Reproduce exactly the lines of the material beneath, from the line that contains "24k Gold and" to the line that contains "Image of a case of Crystal Pepsi", both included, and no other lines.

* _Data to examine_
══════════════════════════════
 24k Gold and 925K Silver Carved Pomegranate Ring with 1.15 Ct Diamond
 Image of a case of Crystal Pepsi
══════════════════════════════
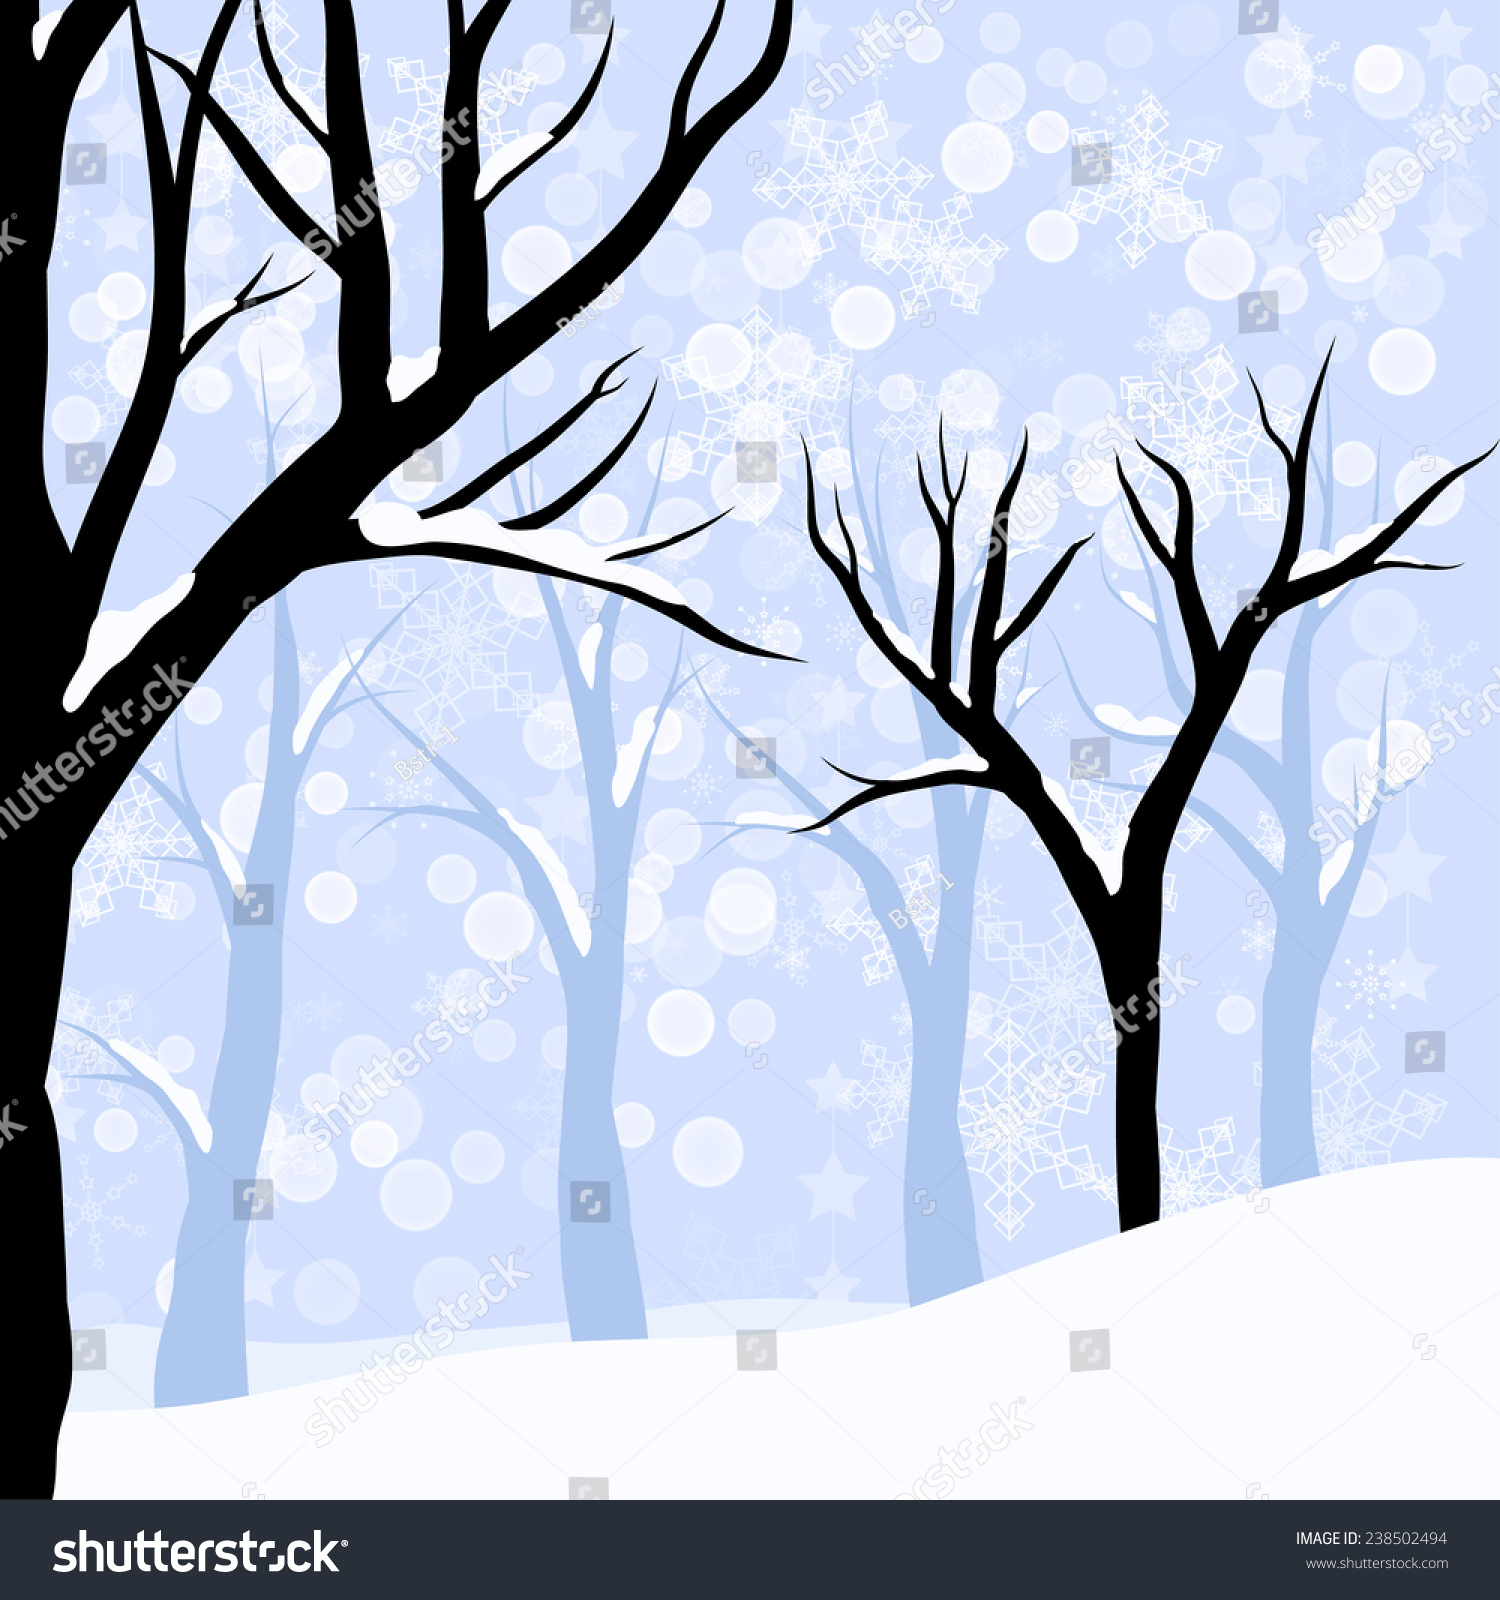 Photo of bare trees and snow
══════════════════════════════
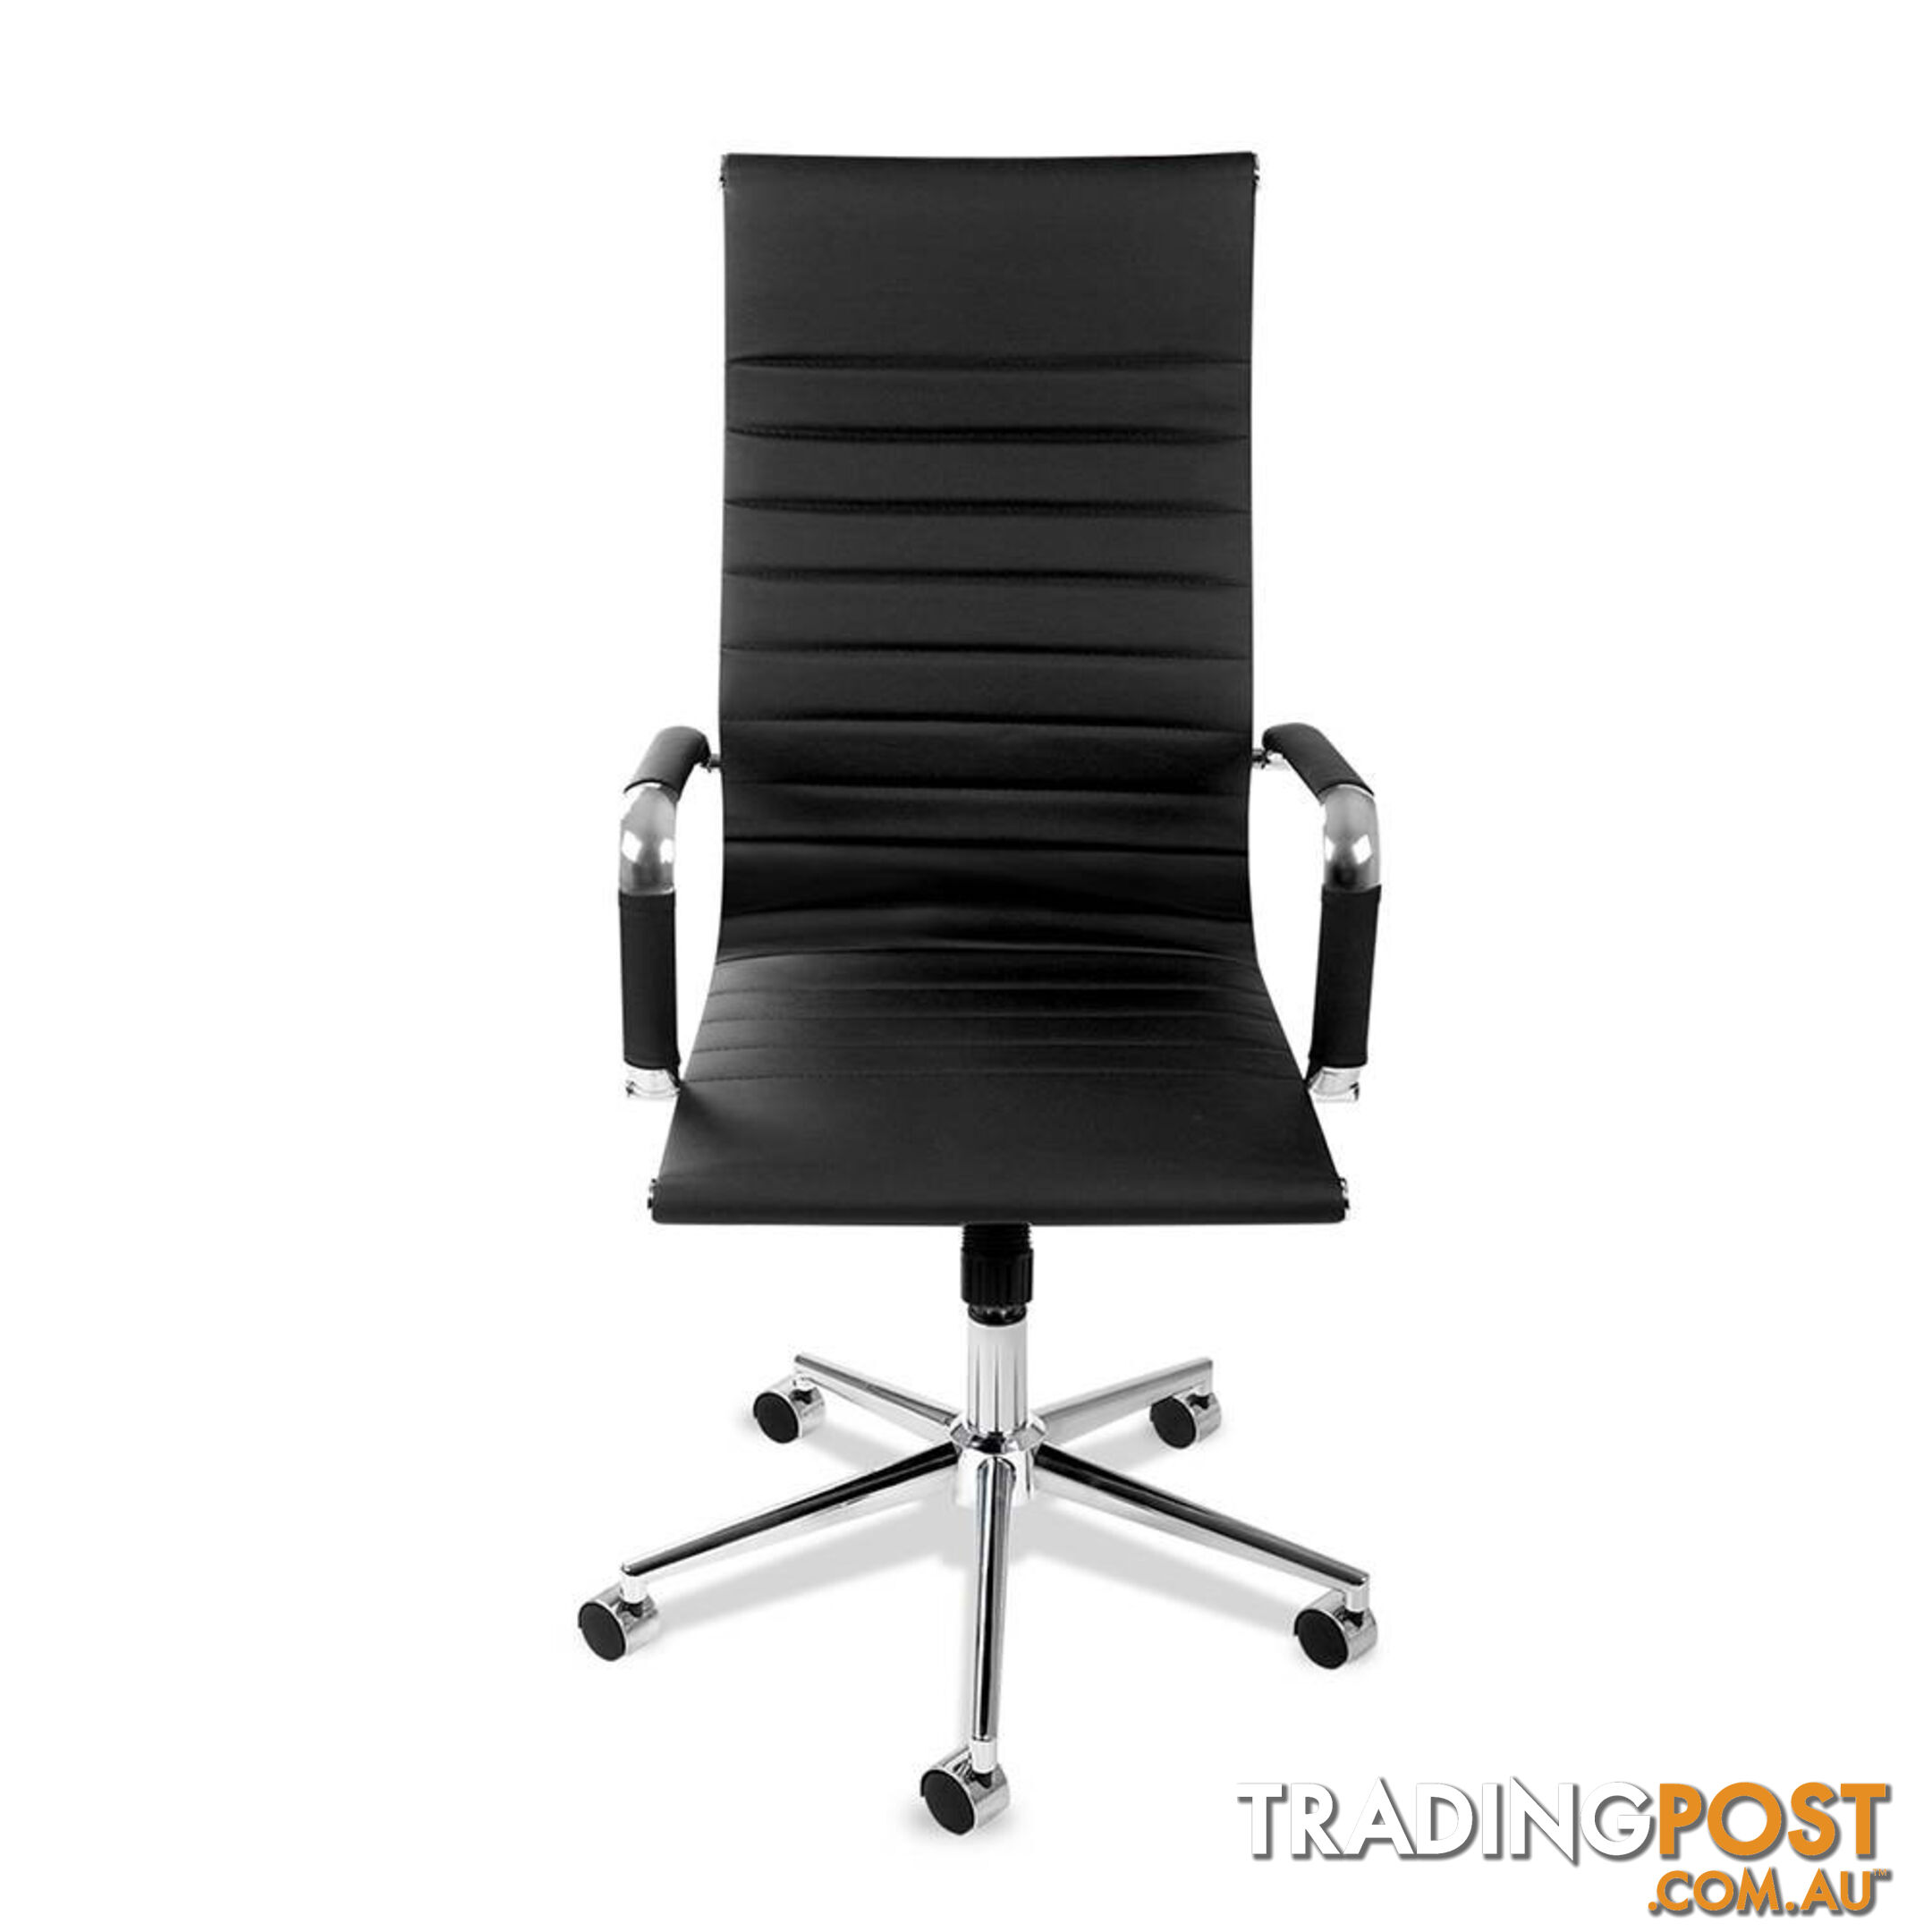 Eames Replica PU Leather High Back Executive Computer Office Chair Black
══════════════════════════════
* _Response_
 24k Gold and 925K Silver Carved Pomegranate Ring with 1.15 Ct Diamond
 Image of a case of Crystal Pepsi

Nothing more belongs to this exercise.